Afghan election frontrunner Abdullah Abdullah has received a major boost to his presidential campaign, with Zalmai Rassoul, a close ally of the current leader, endorsing him after withdrawing from the race.
Rassoul was seen as the favoured candidate of outgoing President Hamid Karzai, and his support for Abdullah could be decisive in deal-making to choose Afghanistan's next leader as US-led troops withdraw from the country.
Rassoul's own bid to become president gained little momentum and he came third with just 11.5 percent in the first round of voting, but he remains an influential power-broker.
"I ask the people for the sake of national unity and political stability to vote for Doctor Abdullah, so that we win the election," Rassoul, who resigned as foreign minister to run in the election, told a news conference in Kabul on Sunday, the AFP news agency reported.
He said his support could be a "balance maker" in the run-off election due next month.
Al Jazeera's Imtiaz Tyab, reporting from Kabul, said: "Abdullah is a very happy man. If a runoff is called, he is going to need those suppporters who backed Rassoul."
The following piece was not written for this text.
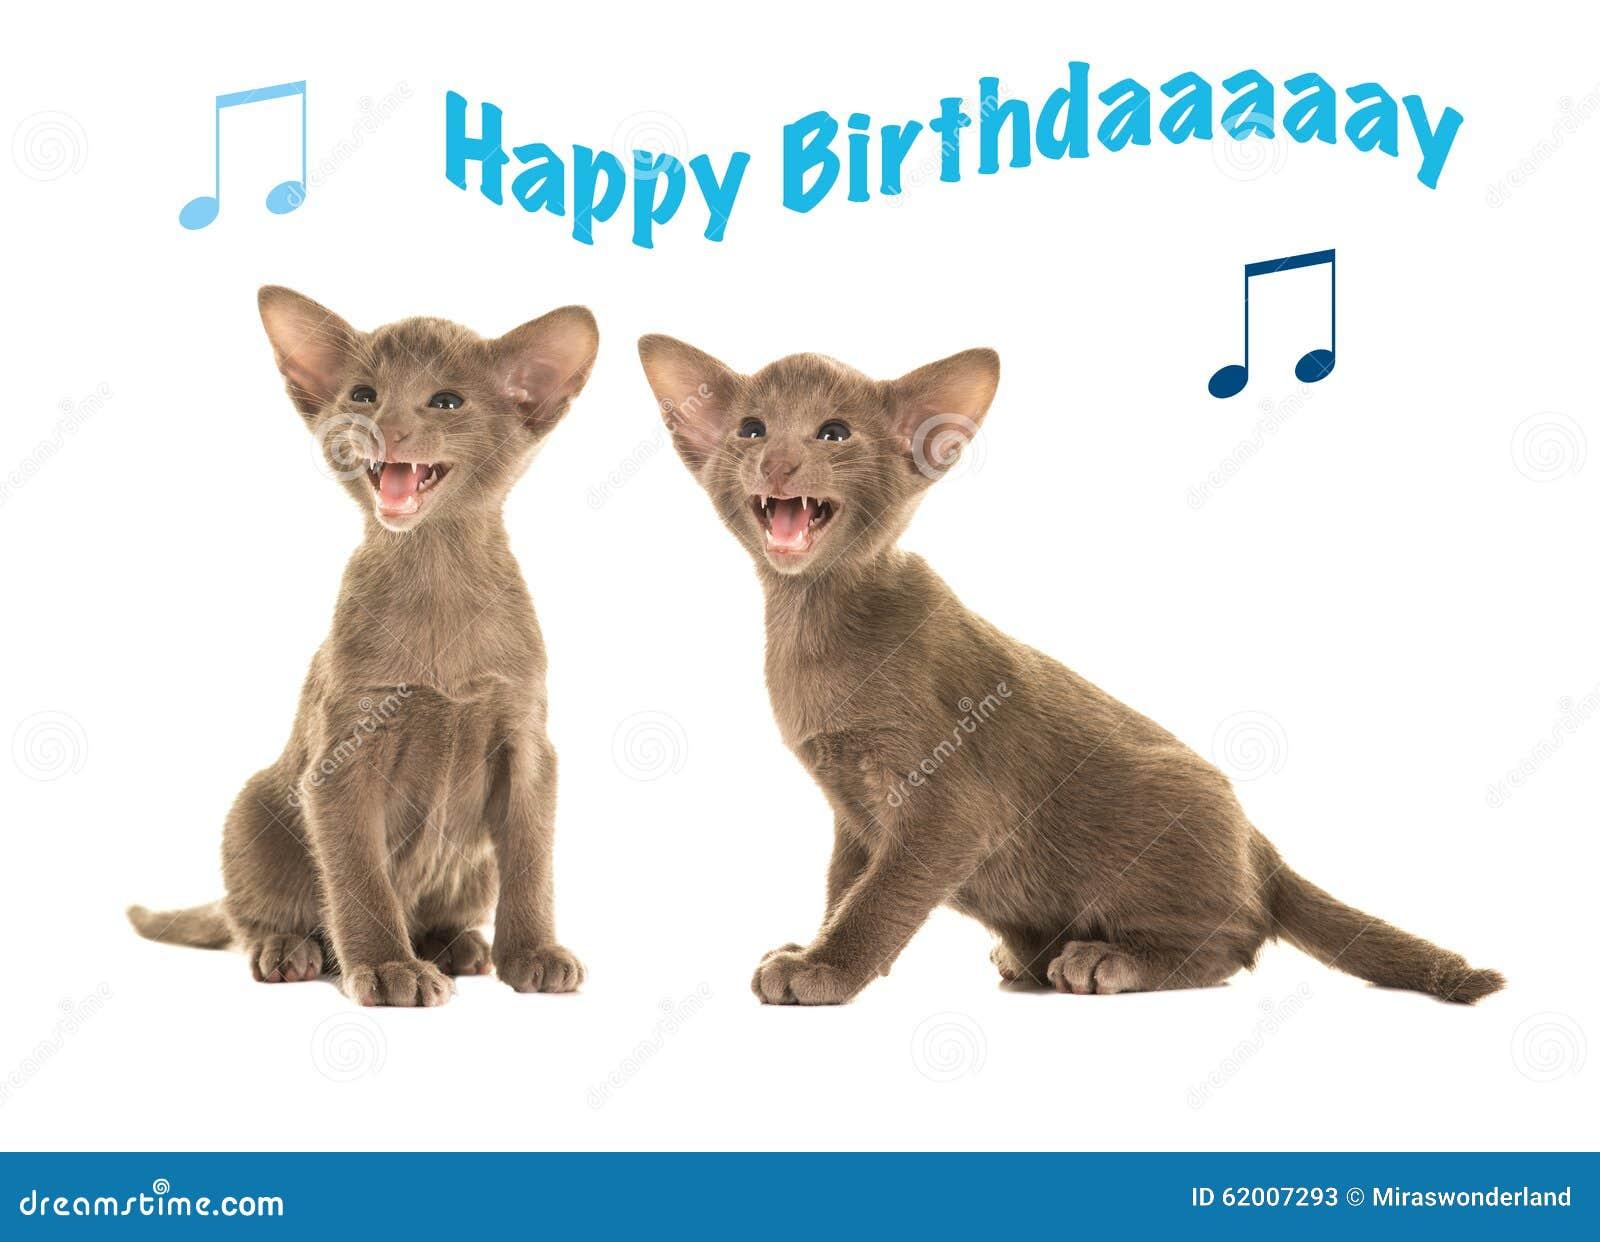 Gelukkige Verjaardag Kat Voorraadbeelden Download 136 Royalty

Tyab said the move could see Rassoul securing a position in the next cabinet.
The second-round vote will pit Abdullah against former World Bank economist Ashraf Ghani in a head-to-head battle, after the two came first and second in the eight-man election on April 5.
Neither candidate secured the 50 percent needed for outright victory. Abdullah garnered 44.9 percent and Ghani received 31.5 percent, according to preliminary results.
The official final first-round result will be announced on Wednesday after weeks of adjudication over fraud complaints.
The 2009 election, when Karzai retained power after defeating Abdullah, was marred by massive fraud in a chaotic process that shook the multinational effort to develop the country after the ousting of the Taliban in 2001.
The eventual winner will lead Afghanistan into a new era as US-led NATO combat troops end their 13-year operation in the country.
The first-round election was hailed as a success by Afghan officials and foreign allies, with turnout far better than in 2009, and the Taliban failing to launch a major attack despite threats to disrupt the vote.
A run-off vote in June - at the height of the traditional "fighting season" - could be more difficult for Afghanistan's stretched security forces to guard.
Another election could be avoided by negotiations in the coming weeks, but both Abdullah and Ghani have dismissed talk of a power-sharing deal.
Karzai, who is constitutionally barred from a third term in office, stayed publicly neutral in the election.
But diplomats in Kabul said Rassoul had received discreet backing from the president in the early stages of the campaign.